NEWS
Global COVID-19 death toll passes 3m
THE global COVID-19 death toll passed three million on Saturday as the pandemic speeds up despite vaccination campaigns, leading countries like India to impose new lockdowns to fight spiralling infection numbers.
It is the latest grim milestone since the novel coronavirus first surfaced in central China in December 2019 and went on to infect more than 139 million people, leaving billions more under crippling lockdowns and ravaging the global economy.
An average of more than 12,000 deaths was recorded globally every day in the past week, shooting the overall toll past three million on Saturday.
For comparison, three million people is more than the population of Jamaica or Armenia — and three times the death toll of the Iran-Iraq war which raged from 1980-1988.
And the pandemic is showing no sign of slowing down: the 829,596 new infections reported worldwide on Friday is the highest number yet.
The daily average of 731,000 cases registered over the last week is also close to being a record.

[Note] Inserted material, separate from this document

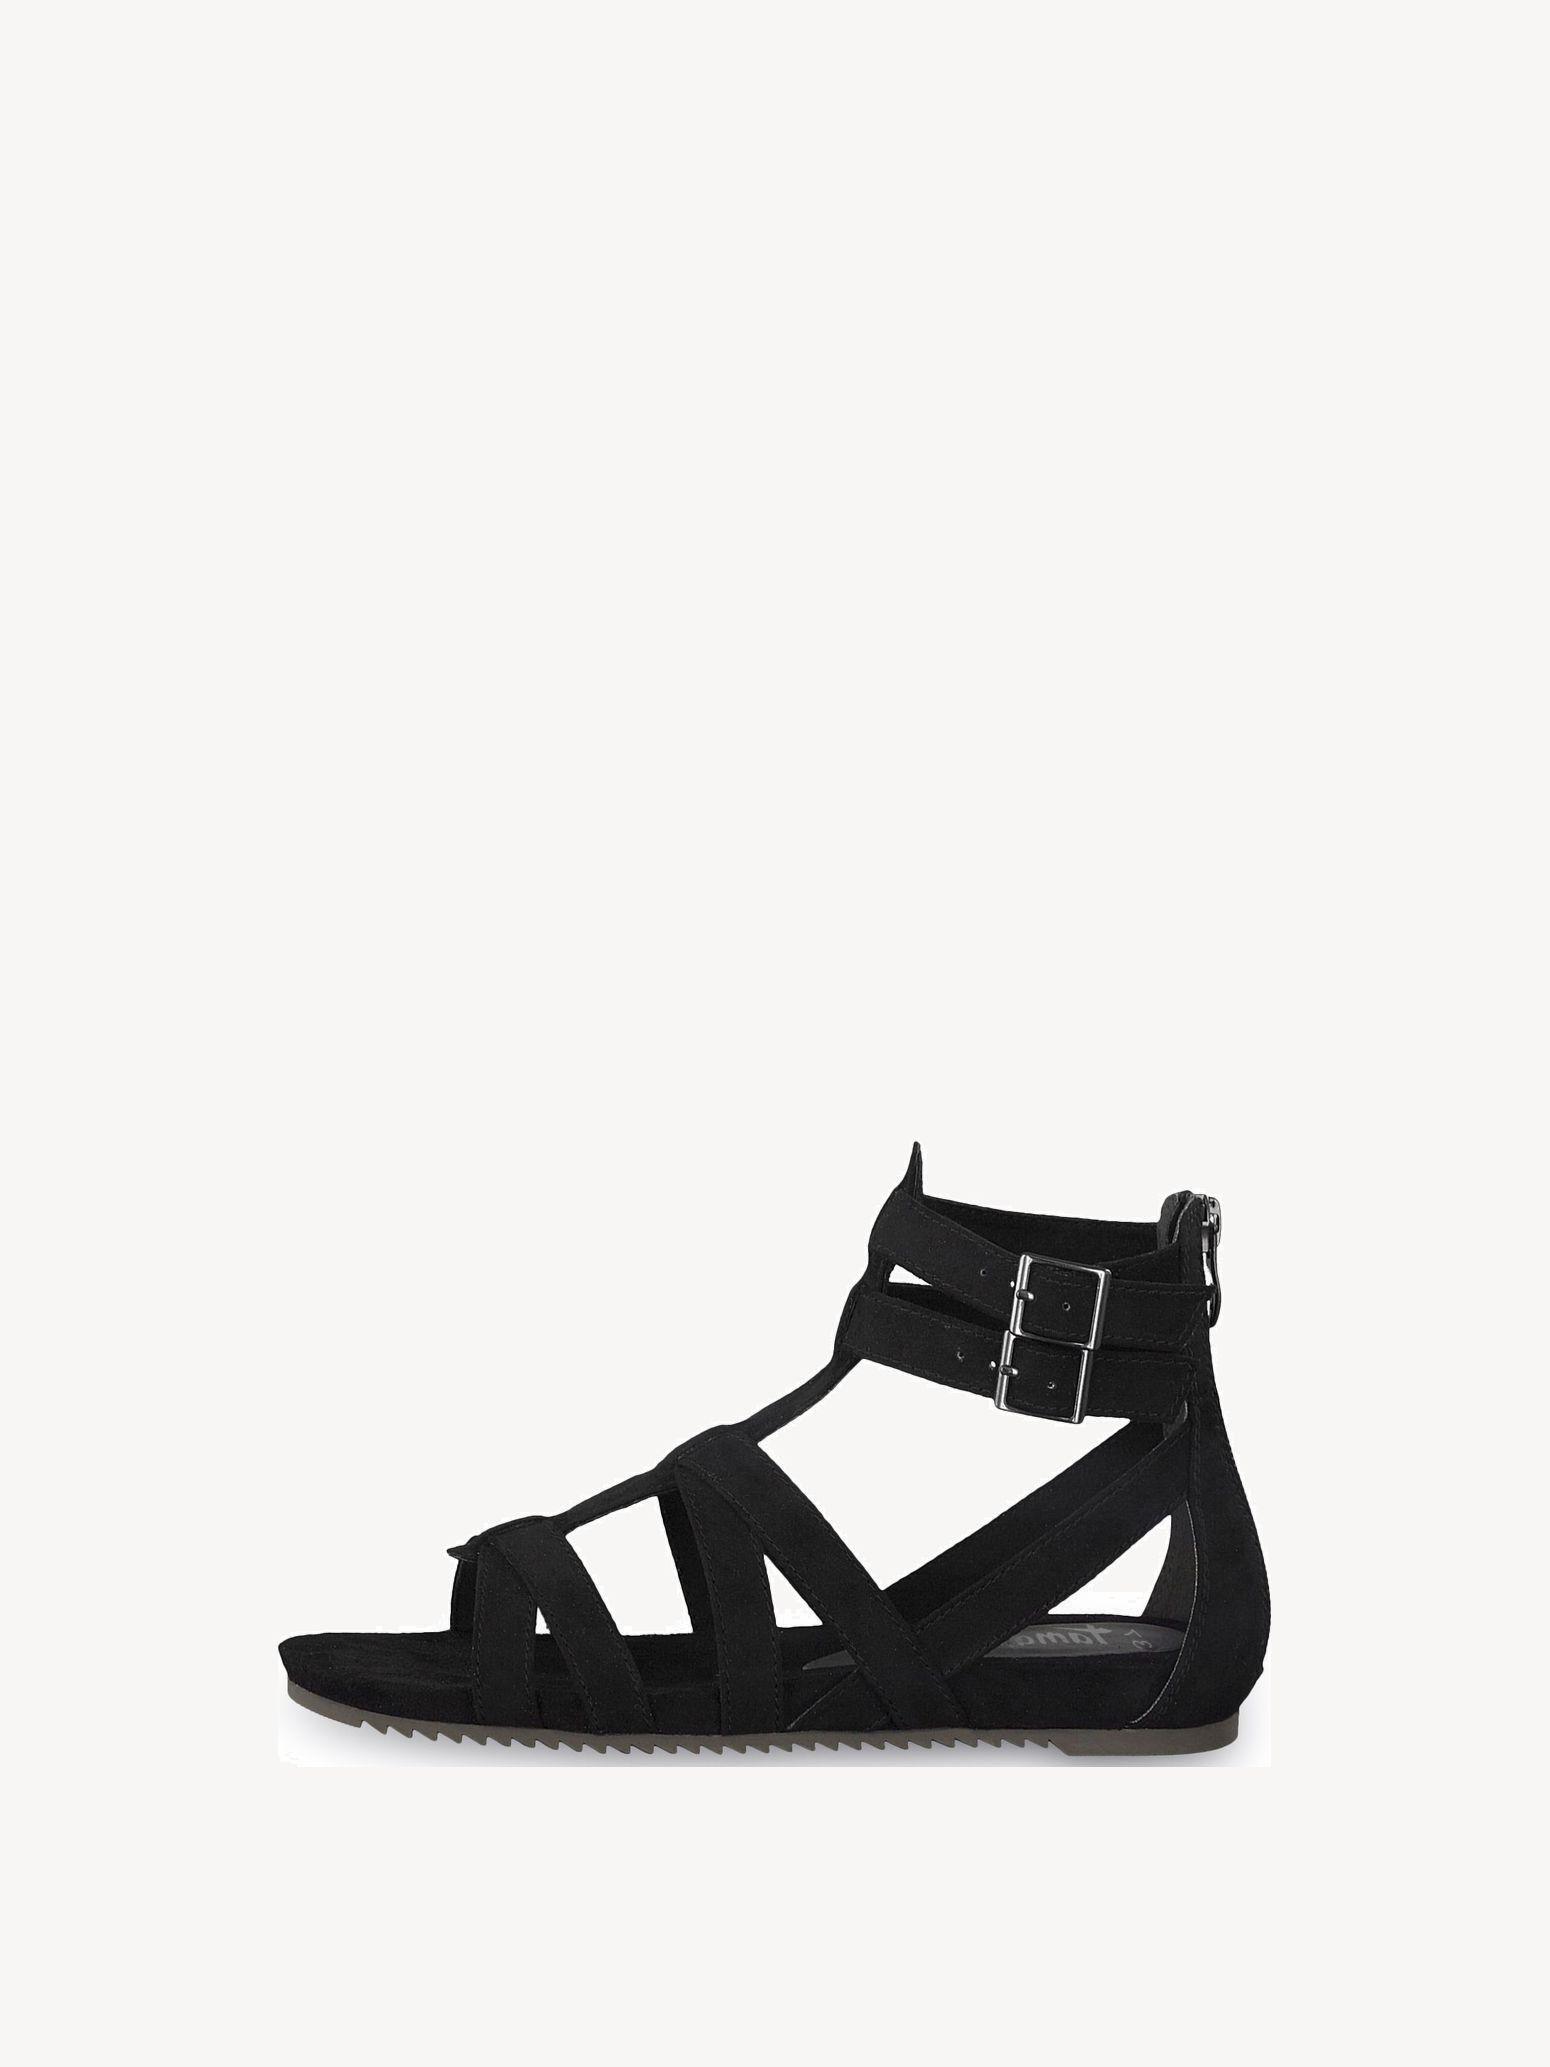 Sandales Tamaris sandales romaines avec fermeture éclair

India’s capital, New Delhi went into a weekend lockdown Saturday, as the world’s second-most populous nation recorded 234,000 new cases and 1,341 deaths.
It will be recalled that India now has three times the daily cases of the United States, the world’s worst-hit nation, and families are clamouring for drugs and hospital beds with some doctors saying they are alarmed at how many young people are now getting seriously ill — like Raj Karan, who got sick while campaigning for elections in the northern city of Luckno.
Hopes that South Asian countries might have seen the worst of the pandemic have been dashed, with India recording over two million new cases this month alone and Bangladesh and Pakistan imposing new shutdowns.
Richer countries that have waged mass inoculation efforts have seen their virus numbers plummet with Britain, which has given 60 per cent of the population at least one vaccination dose, now recording around 30 deaths a day — down from 1,200 in late January.